Task objective —
Would you restate every entry below word for word? Leave out the pictures.

Stored records:
■ ■ ■ ■
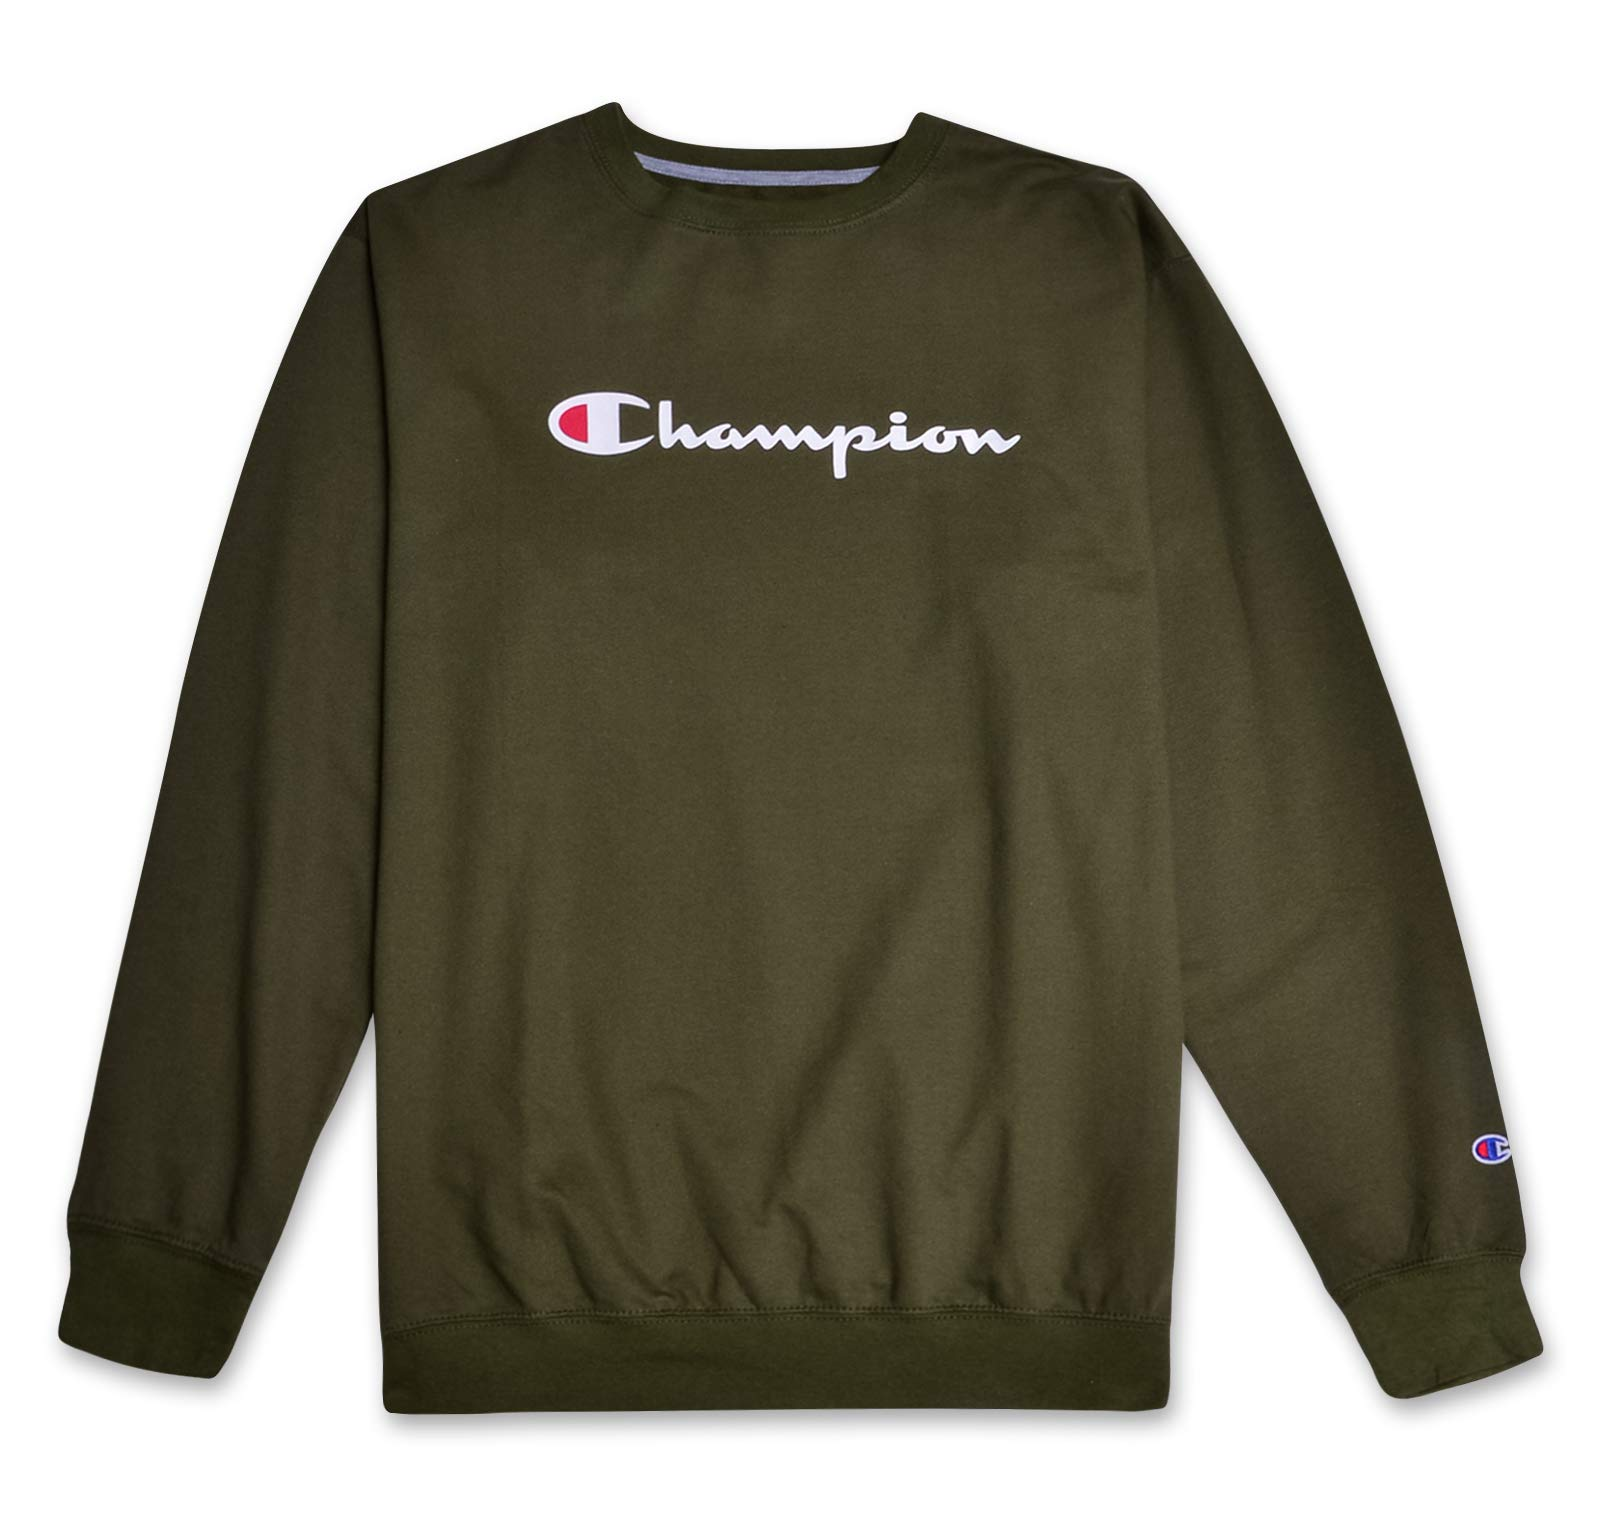 Champion Sweatshirt Mens Big and Tall Logo Sweater Crewneck Sweatshirt
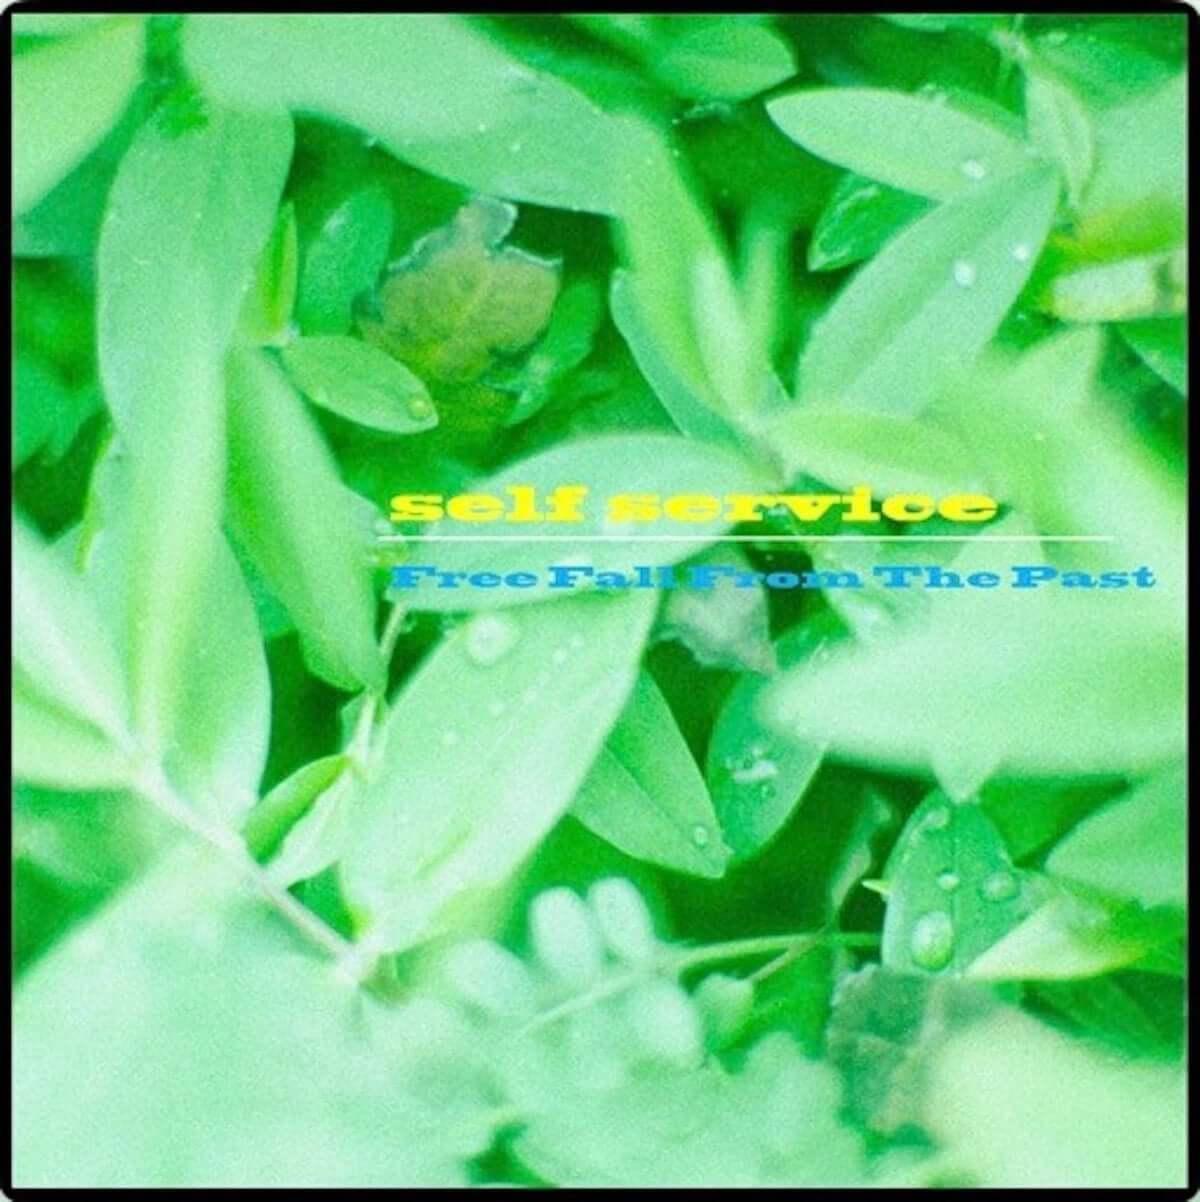 Ano(t)raksのDai OgasawaraによるインターネットのIndie Pop 最新7選 anotracks190121-indie-pop-6-1200x1202
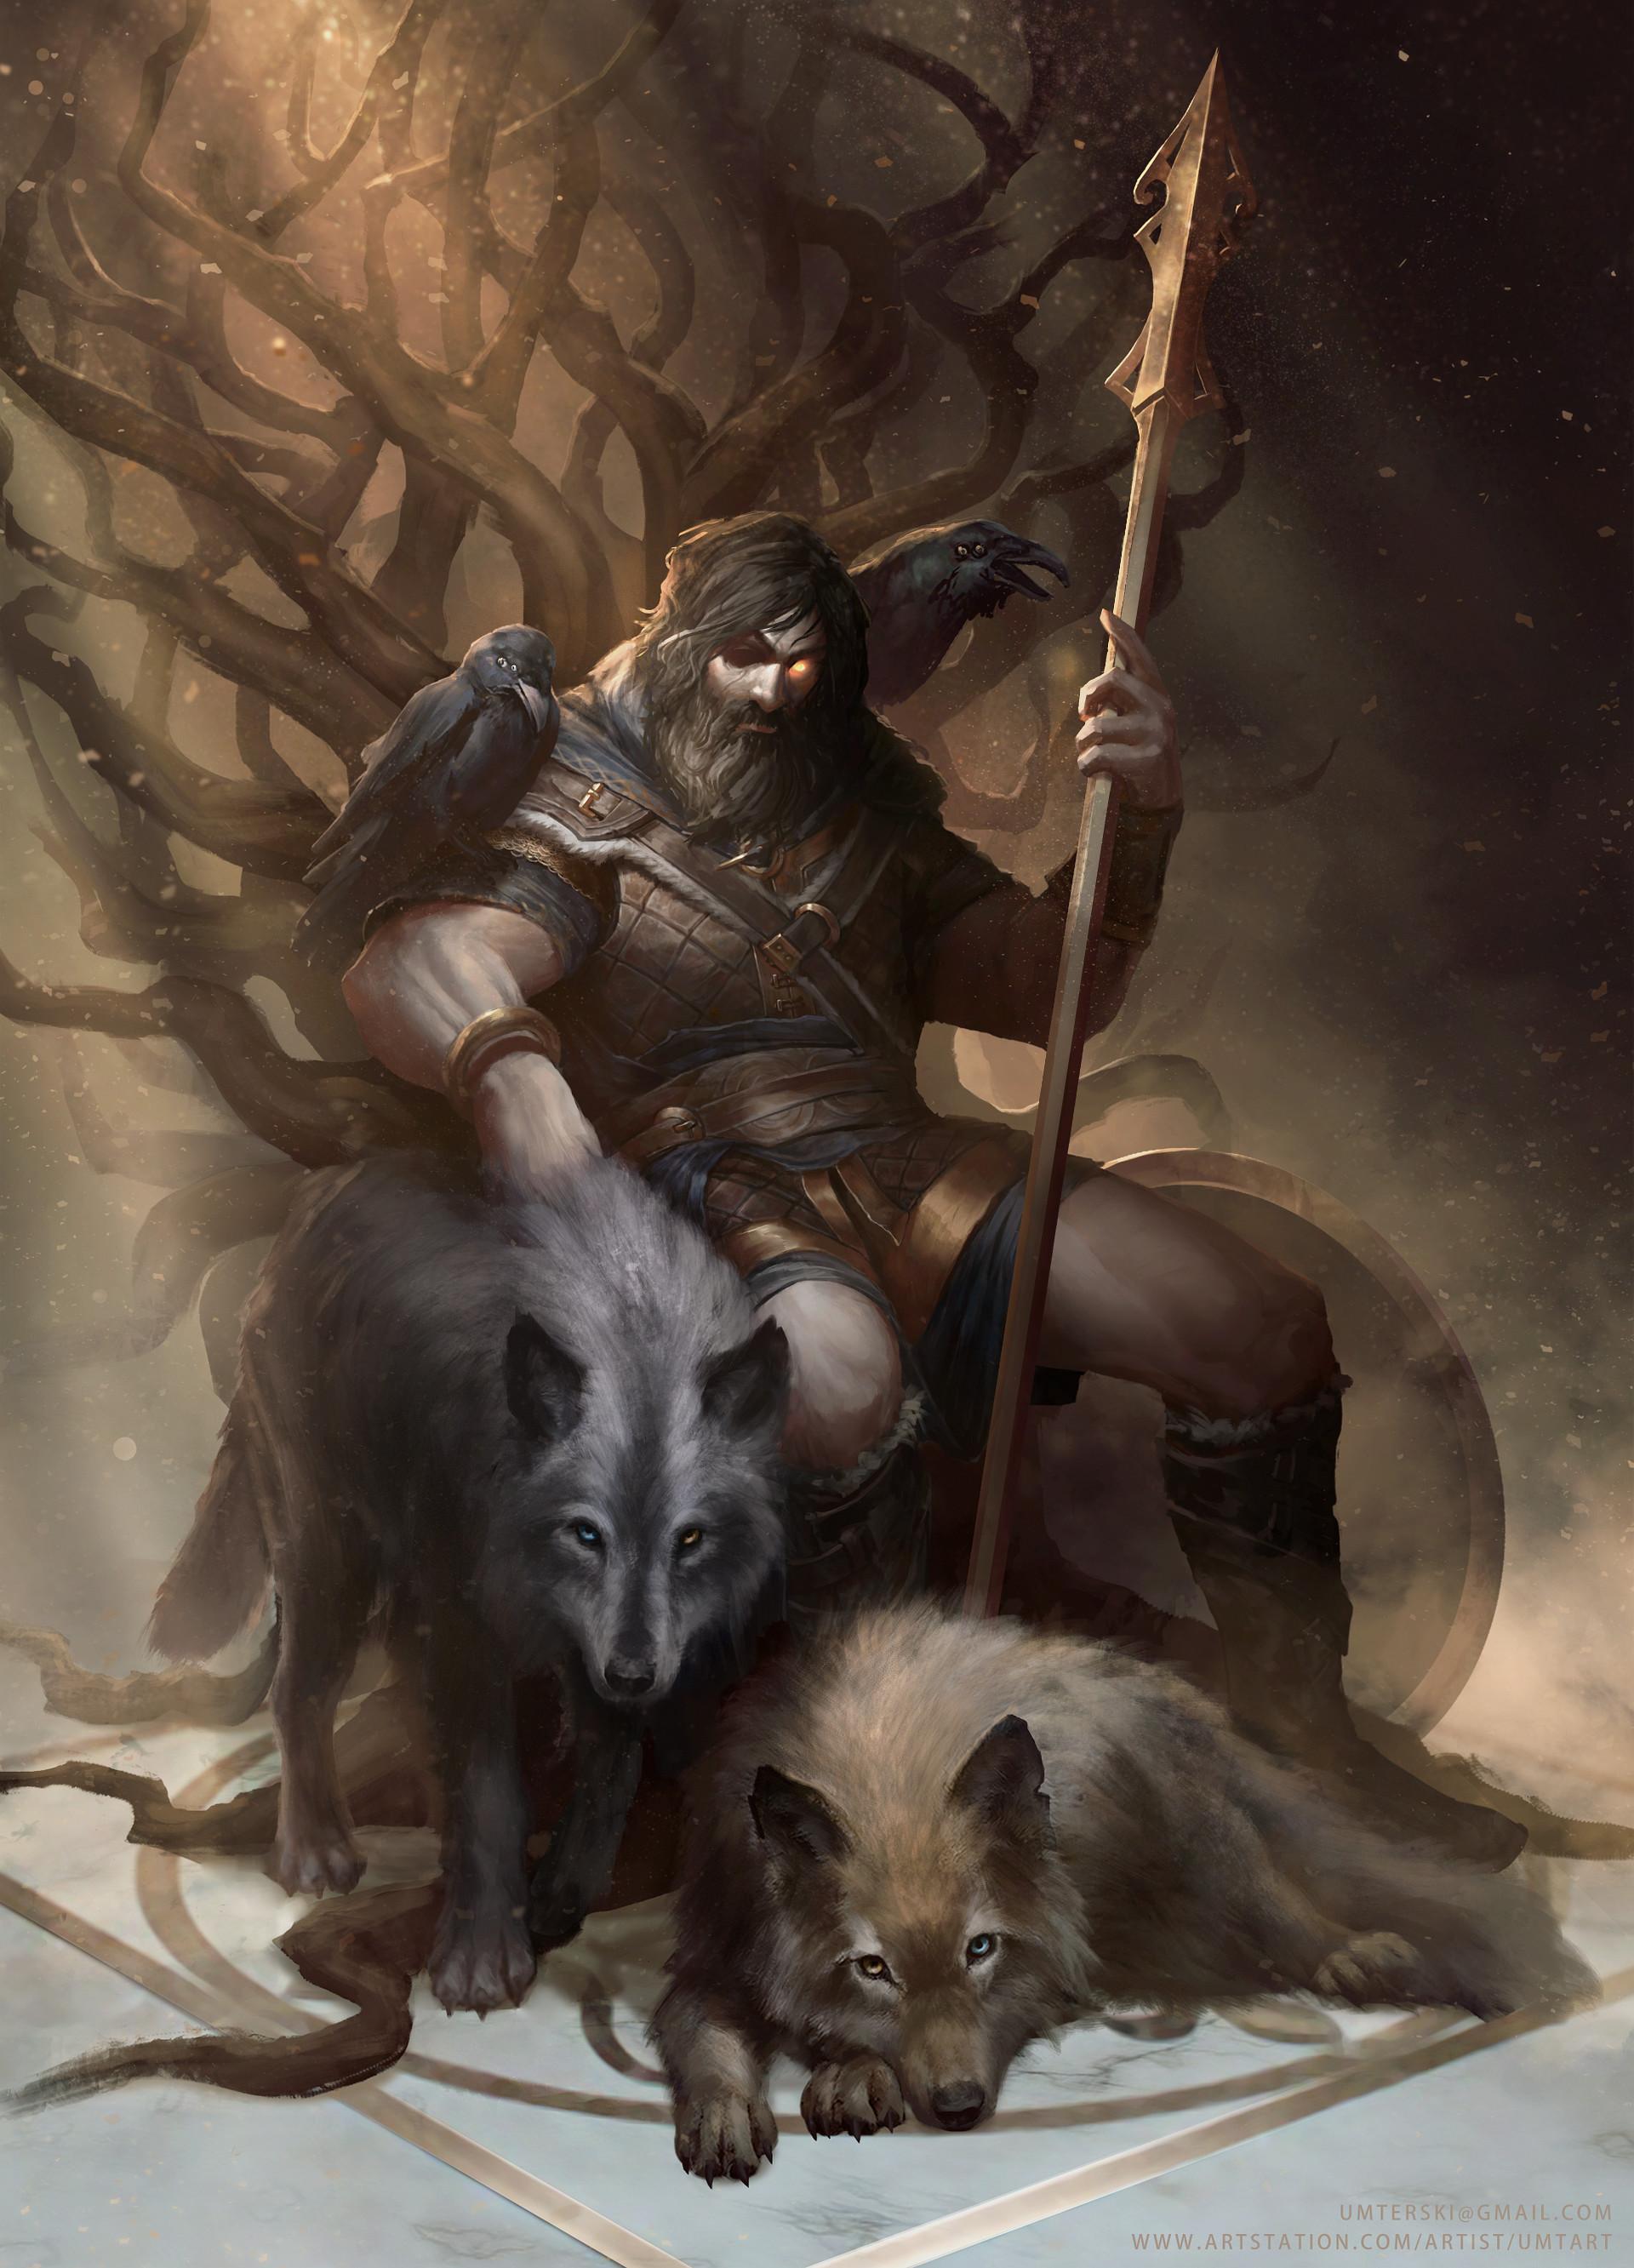 ArtStation - Odin The Allfather, Adam Wesierski
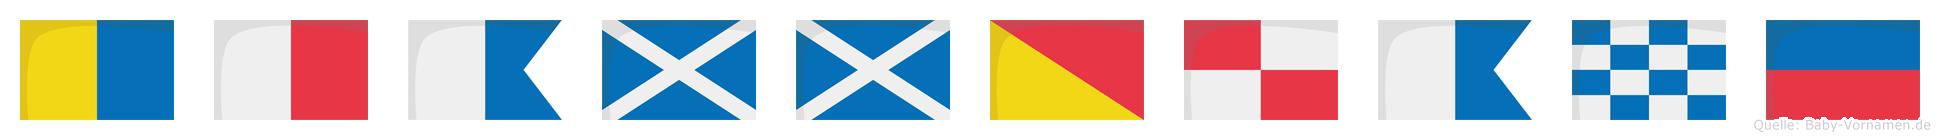 Khammouane im Flaggenalphabet
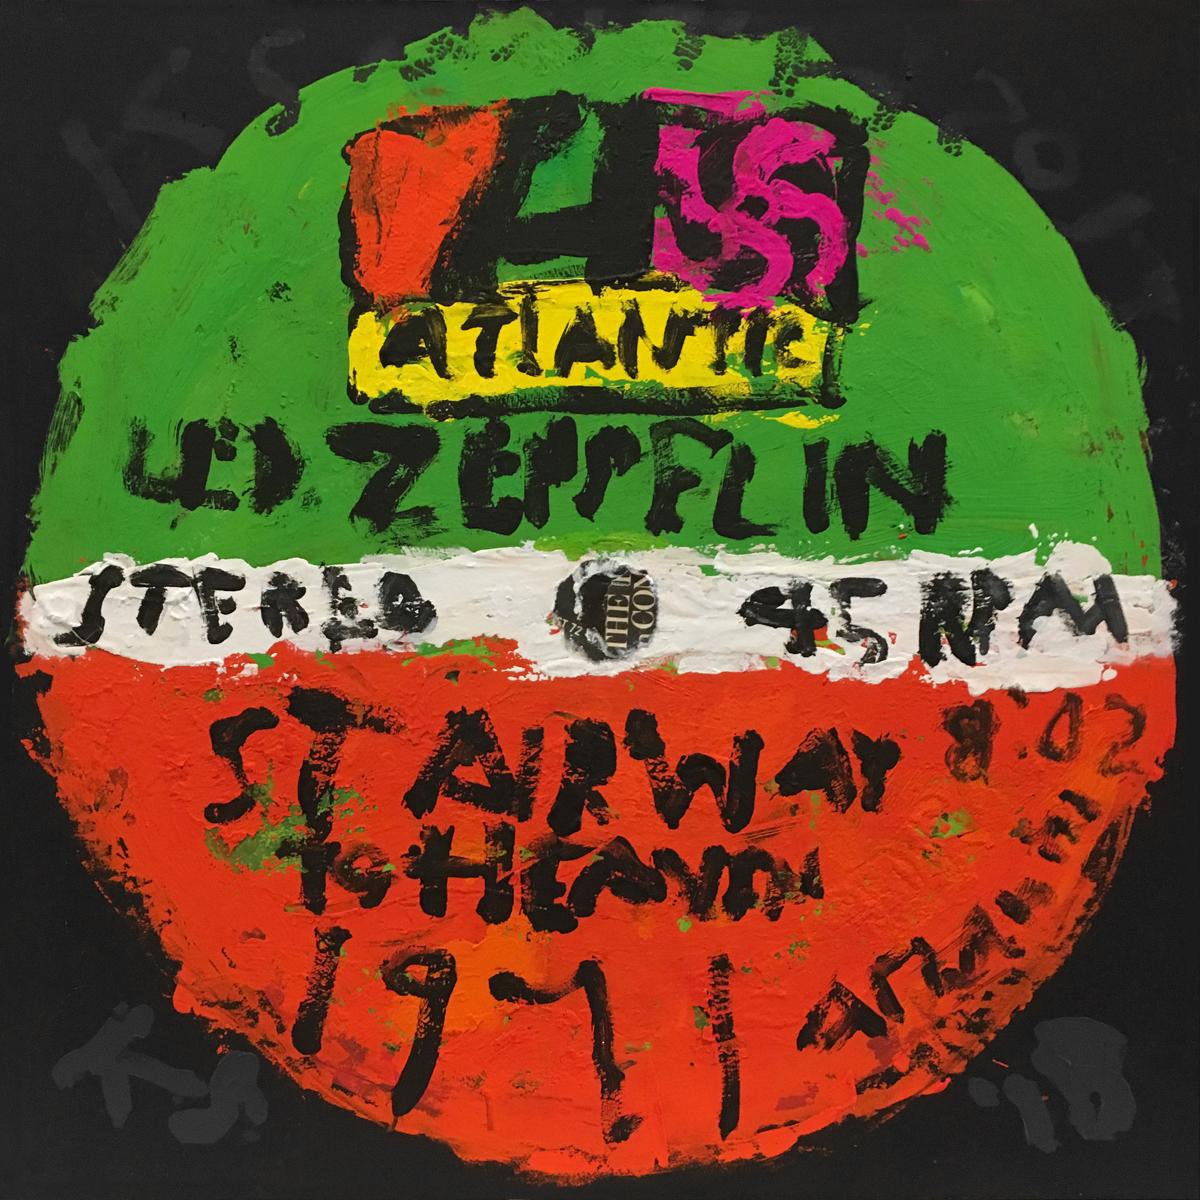 Led Zeppelin / Stairway to Heaven
■ ■ ■ ■
Completed task —
 Champion Sweatshirt Mens Big and Tall Logo Sweater Crewneck Sweatshirt
 Ano(t)raksのDai OgasawaraによるインターネットのIndie Pop 最新7選 anotracks190121-indie-pop-6-1200x1202
 ArtStation - Odin The Allfather, Adam Wesierski
 Khammouane im Flaggenalphabet
 Led Zeppelin / Stairway to Heaven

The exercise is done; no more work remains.